Tamale Pie
Make a crust of two cups of hot water, one-half cup lard, one teaspoon salt, and cornmeal to make thick dough. Spread on bottom and sides of pie tin. Mix beef, pork, veal or chicken with plenty of suet for shortening—any two of above meats will do—measure two cups of meat, add two tablespoons of cornmeal, one-half cup of chile pulp, one teaspoon salt, one-half cup meat stock or water. Cook for a few minutes, fill pie crust, spread more dough over top. Make little balls the size of marbles set around edge. Pour a little melted lard over the top, sprinkle with chile powder; bake about thirty minutes.
Beef Tamales
Ground beef fried in lard and suet, add chile sauce No. 2 and cook until thick.
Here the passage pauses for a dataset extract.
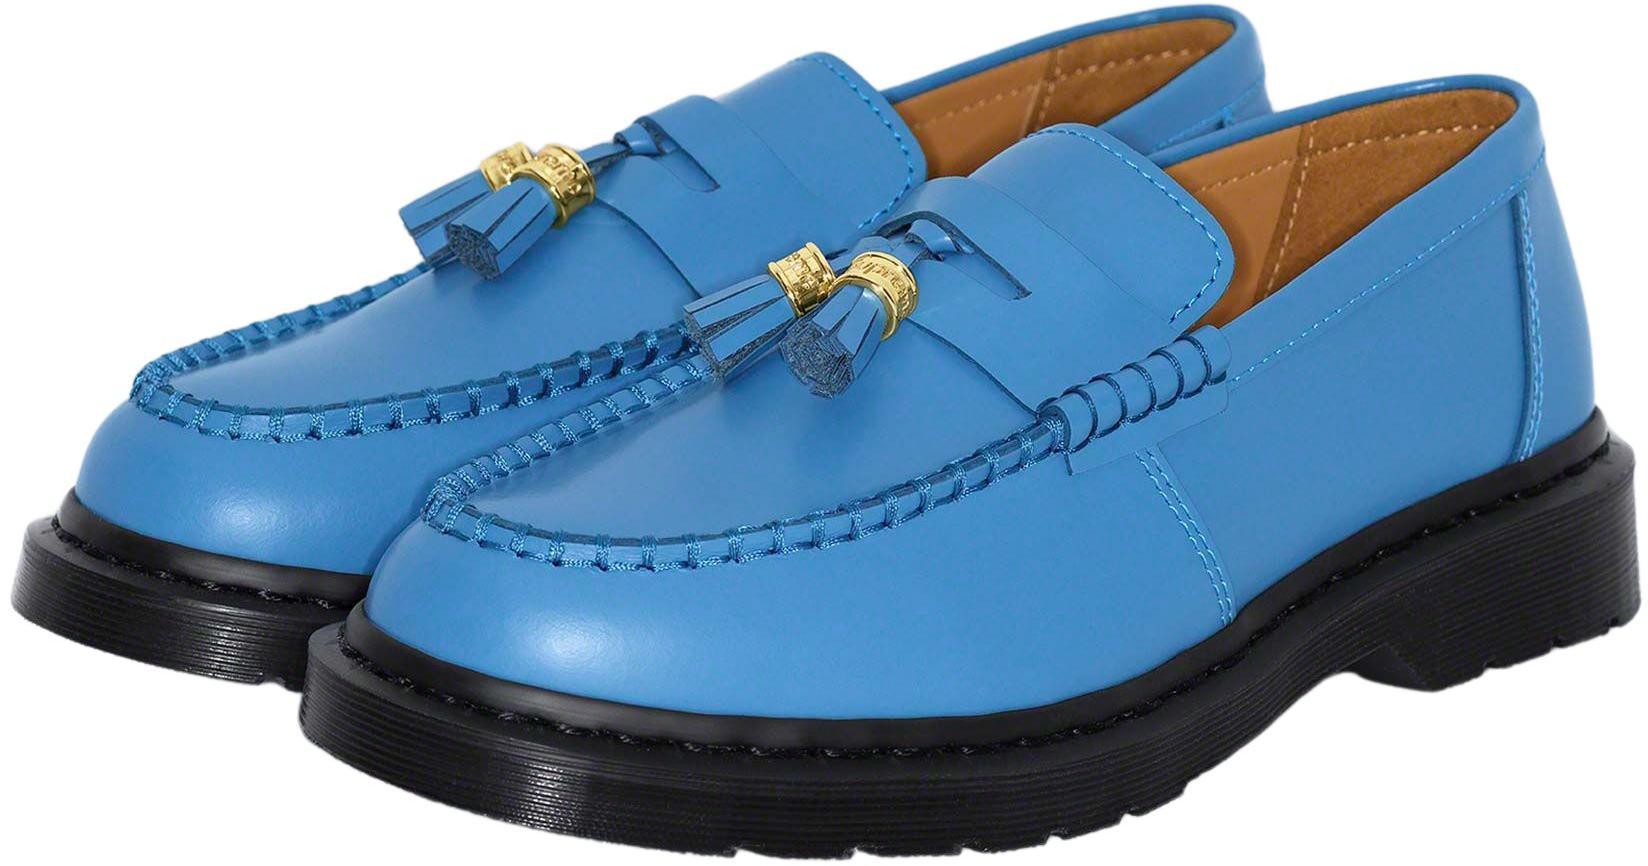 Dr. Martens Supreme®/dr. Martens® Penton Tassel Loafer Blue | Lyst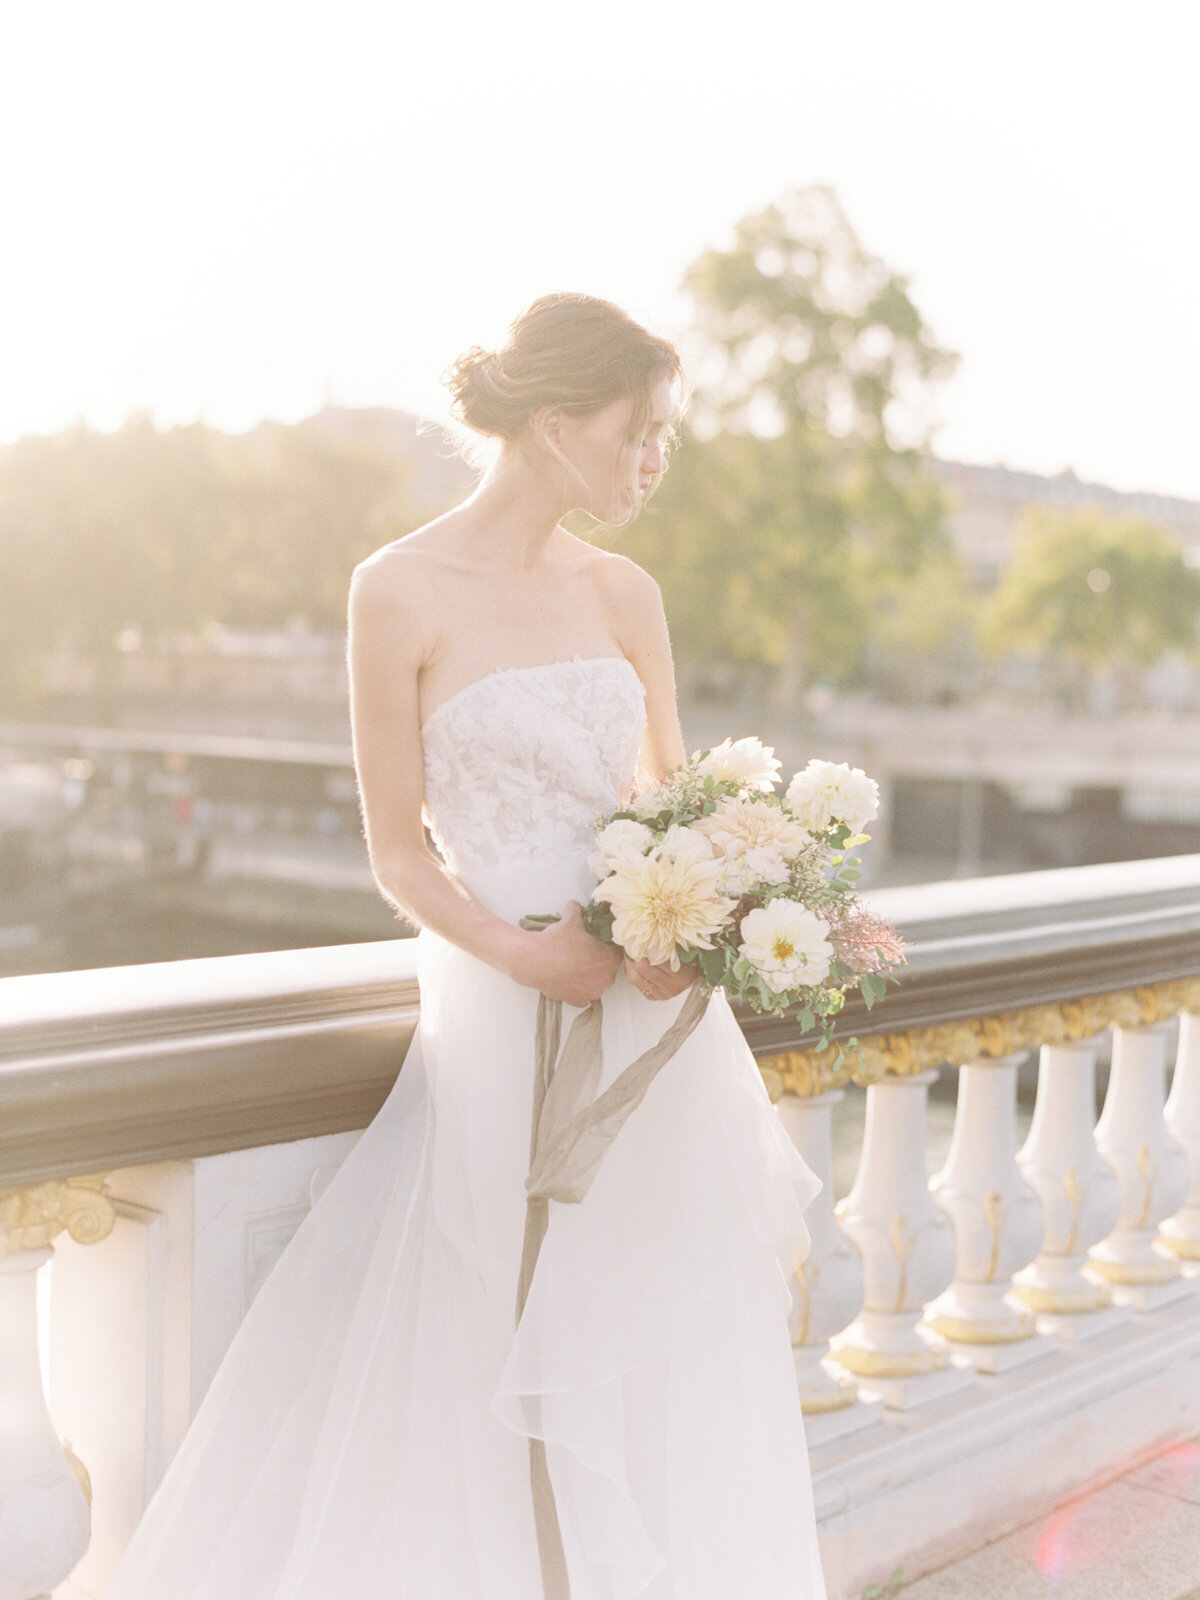 petit-palais-elopement-paris-wedding-photographer-mackenzie-reiter-photography-pont-alexandre-bridge-paris-france-29

Prepare cornmeal or masa by pouring on boiling hot water, salt to taste, add one cup of lard to four cups meal or masa, add few olives and raisins if desired. Prepare as for chicken tamale recipe. Steam. Texas tamales made as above with olives and raisins left out and spoonful put in one long shuck, fold ends over and press flat.
Corn Husk and Red Chile
There are firms in California putting up a specially prepared corn meal for tortillas. There are chile powders and canned red and green hot chile peppers; also the red sweet pepper, called pimiento, which makes it possible to cook Spanish dishes anywhere.